The above-described mechanism maintains the benefits of shared storage, which includes high availability and resiliency. Additionally, the mechanism permits for the maintenance of a small number of operating system images, even if the compute node count is in the tens of thousands. Further, the mechanism may provide a solution to speed up a boot process when writable persistent storage is required for root filesystems on nodes without disks.
Embodiments may be implemented as any or a combination of one or more microchips or integrated circuits interconnected using a parent board, hardwired logic, software stored by a memory device and executed by a microprocessor, firmware, an application specific integrated circuit (ASIC), and/or a field programmable gate array (FPGA). The term “logic” may include, by way of example, software or hardware and/or combinations of software and hardware.
Embodiments may be provided, for example, as a computer program product which may include one or more machine-readable media having stored thereon machine-executable instructions that, when executed by one or more machines such as a computer, network of computers, or other electronic devices, may result in the one or more machines carrying out operations in accordance with embodiments described herein. A machine-readable medium may include, but is not limited to, floppy diskettes, optical disks, CD-ROMs (Compact Disc-Read Only Memories), and magneto-optical disks, ROMs, RAMs, EPROMs (Erasable Programmable Read Only Memories), EEPROMs (Electrically Erasable Programmable Read Only Memories), magnetic or optical cards, flash memory, or other type of media/machine-readable medium suitable for storing machine-executable instructions.
Moreover, embodiments may be downloaded as a computer program product, wherein the program may be transferred from a remote computer (e.g., a server) to a requesting computer (e.g., a client) by way of one or more data signals embodied in and/or modulated by a carrier wave or other propagation medium via a communication link (e.g., a modem and/or network connection).

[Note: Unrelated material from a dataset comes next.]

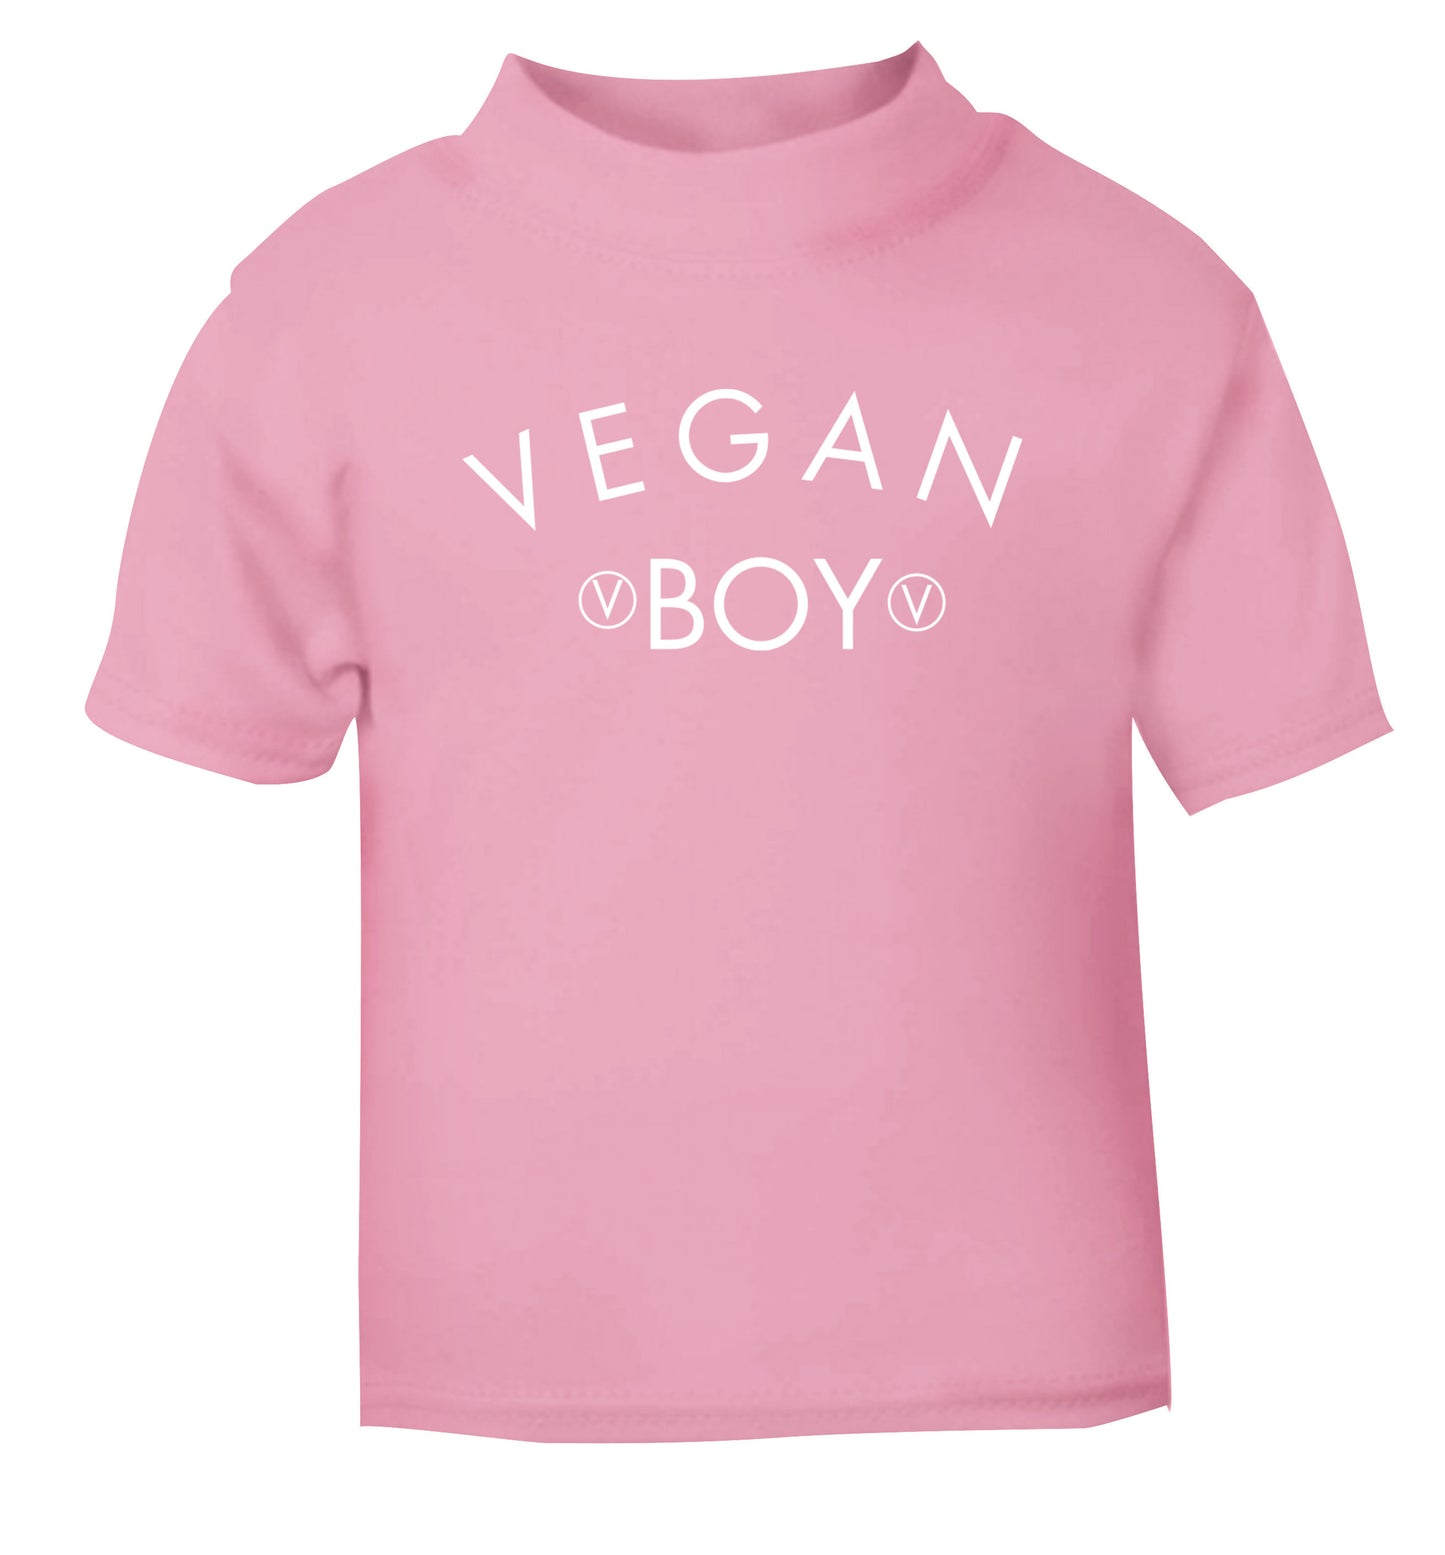 Vegan boy light pink Baby Toddler Tshirt 2 Years

The drawings and the forgoing description give examples of embodiments. Those skilled in the art will appreciate that one or more of the described elements may well be combined into a single functional element. Alternatively, certain elements may be split into multiple functional elements. Elements from one embodiment may be added to another embodiment. For example, orders of processes described herein may be changed and are not limited to the manner described herein. Moreover, the actions in any flow diagram need not be implemented in the order shown; nor do all of the acts necessarily need to be performed. Also, those acts that are not dependent on other acts may be performed in parallel with the other acts. The scope of embodiments is by no means limited by these specific examples. Numerous variations, whether explicitly given in the specification or not, such as differences in structure, dimension, and use of material, are possible. The scope of embodiments is at least as broad as given by the following claims.